* Activity
The pictures are to be left out when the listing below is reproduced word for word.

* Information supplied
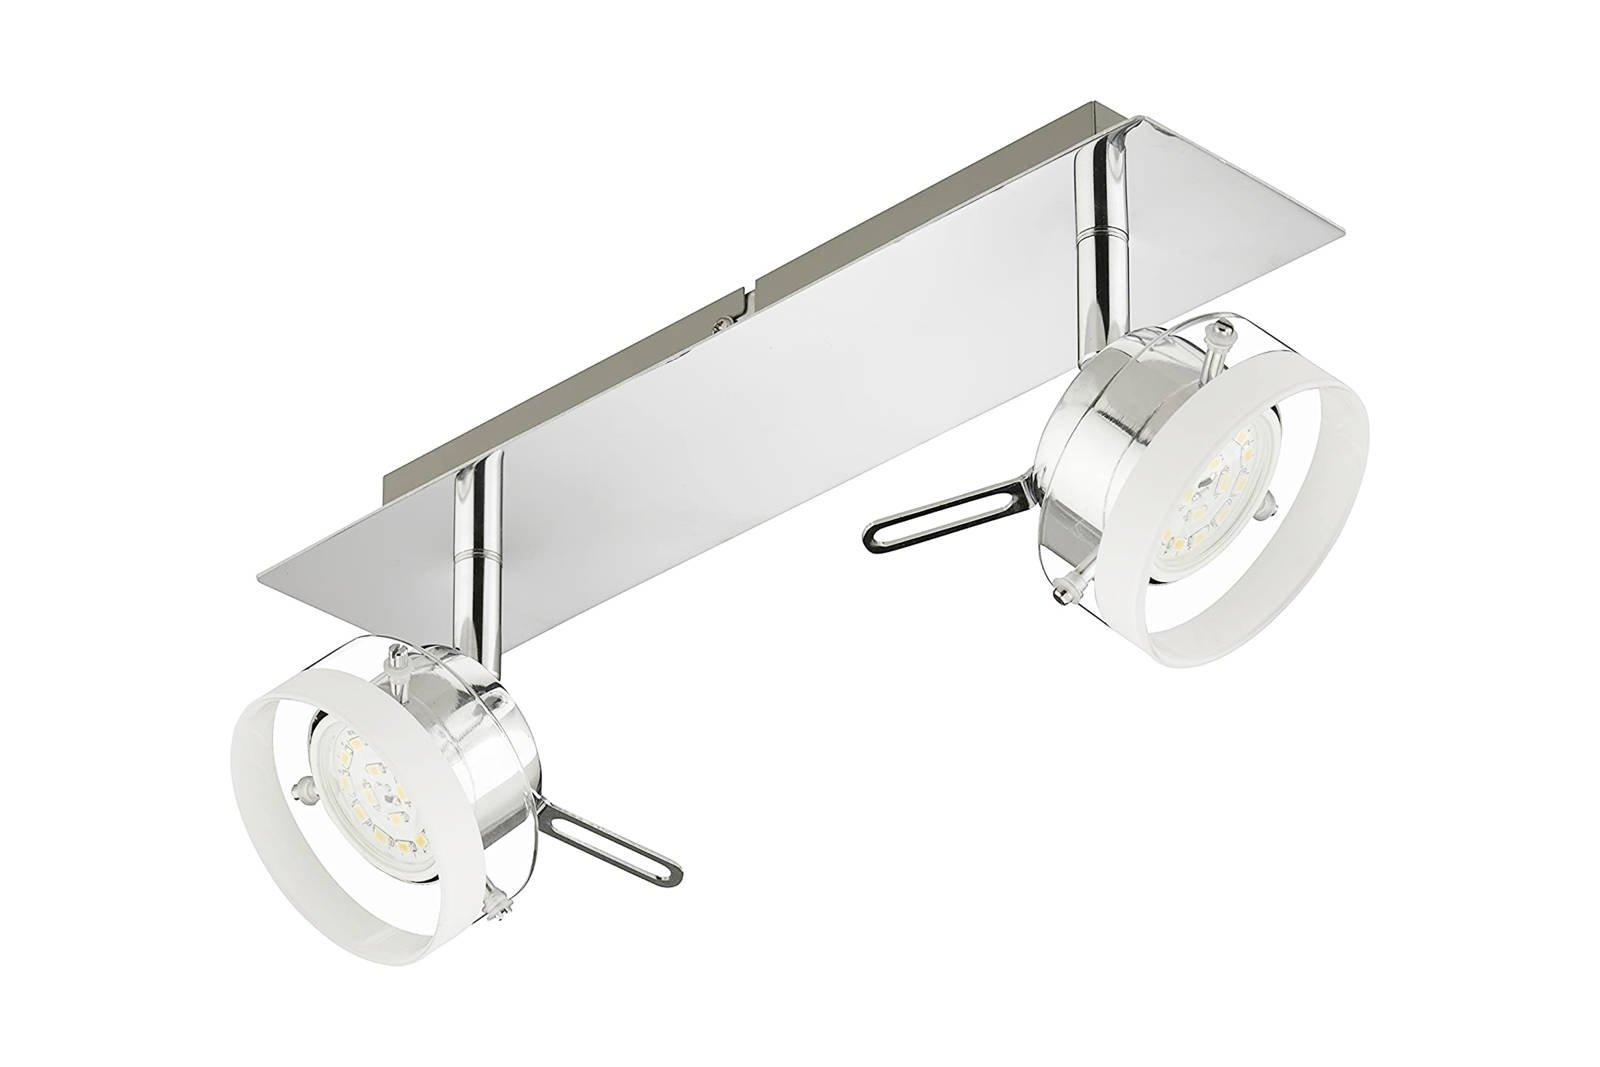 Deckenleuchte Decken Briloner Klicken 2807-028 2x 5W LED
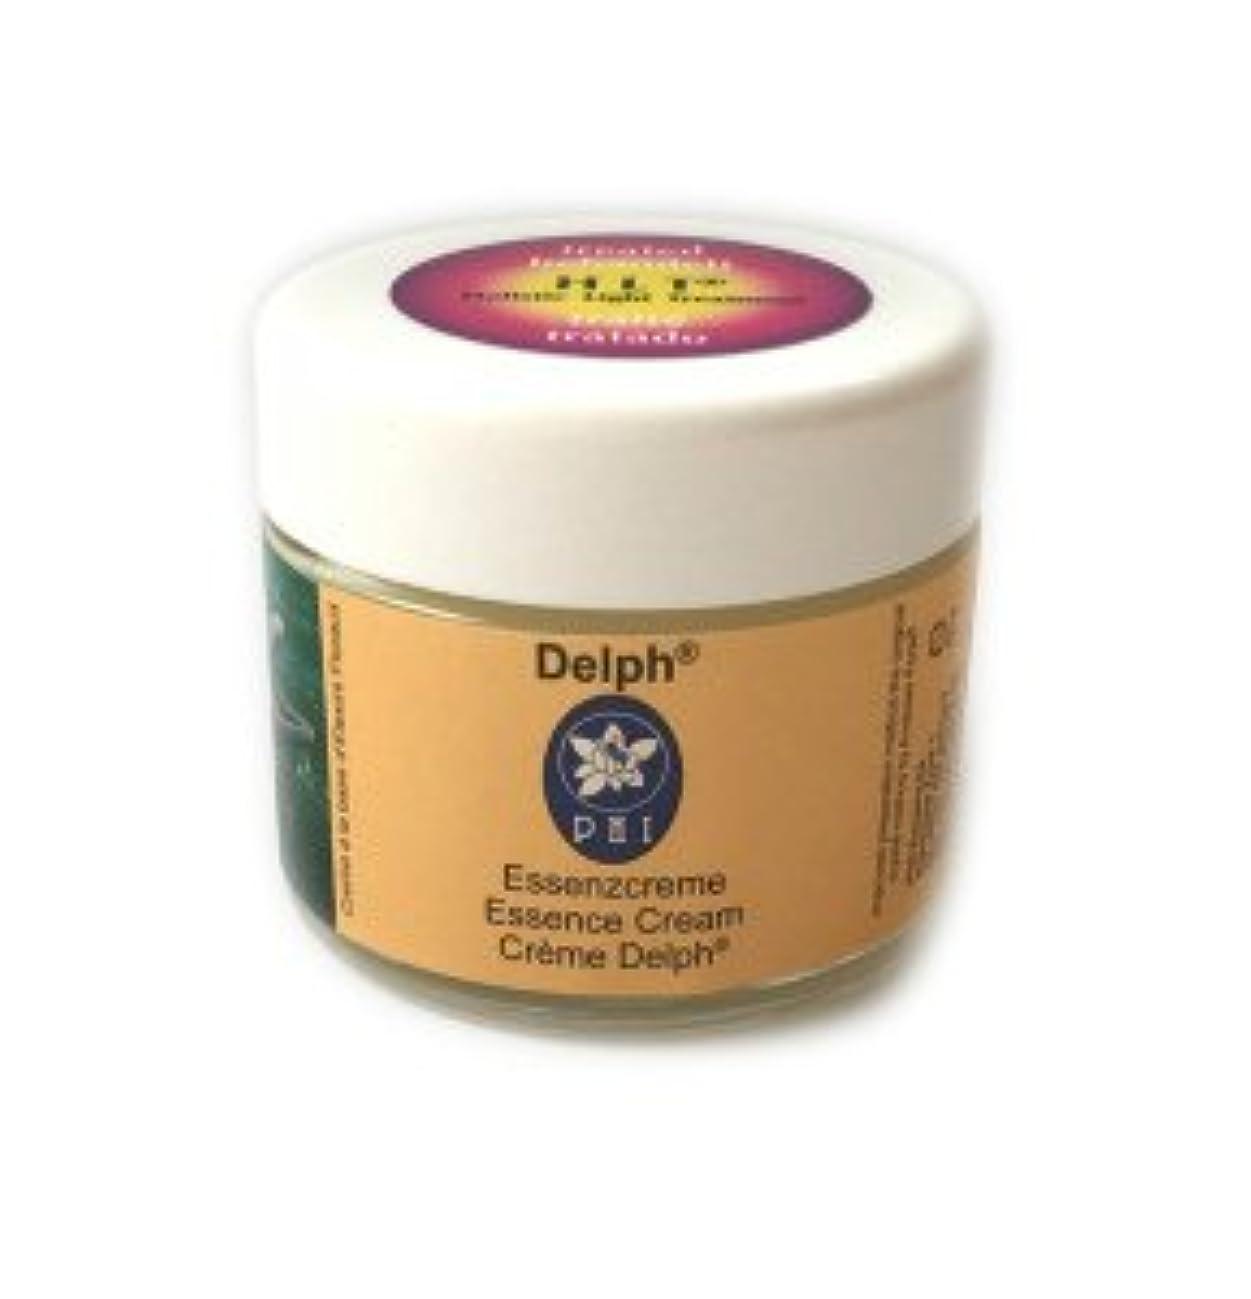 ディレイ討論なのでコルテPHI エッセンスクリーム デルフクリーム 60g +HLT 日本国内正規品
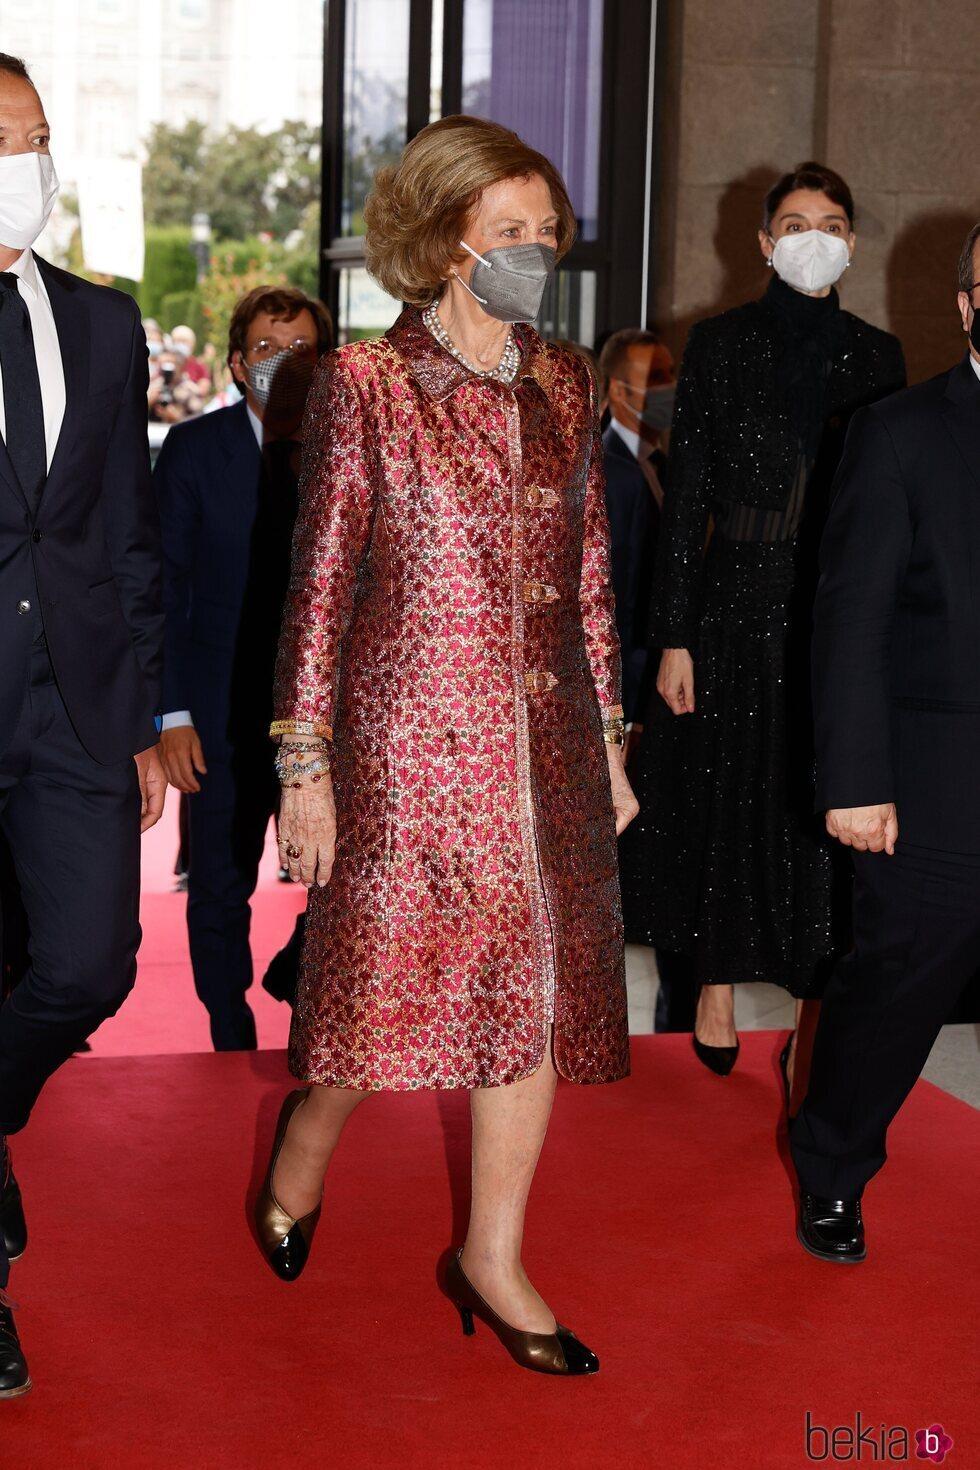 La Reina Sofía en el estreno de 'La Cenerentola' en el Teatro Real

* Expected answer
 Deckenleuchte Decken Briloner Klicken 2807-028 2x 5W LED
 ディレイ討論なのでコルテPHI エッセンスクリーム デルフクリーム 60g +HLT 日本国内正規品
 La Reina Sofía en el estreno de 'La Cenerentola' en el Teatro Real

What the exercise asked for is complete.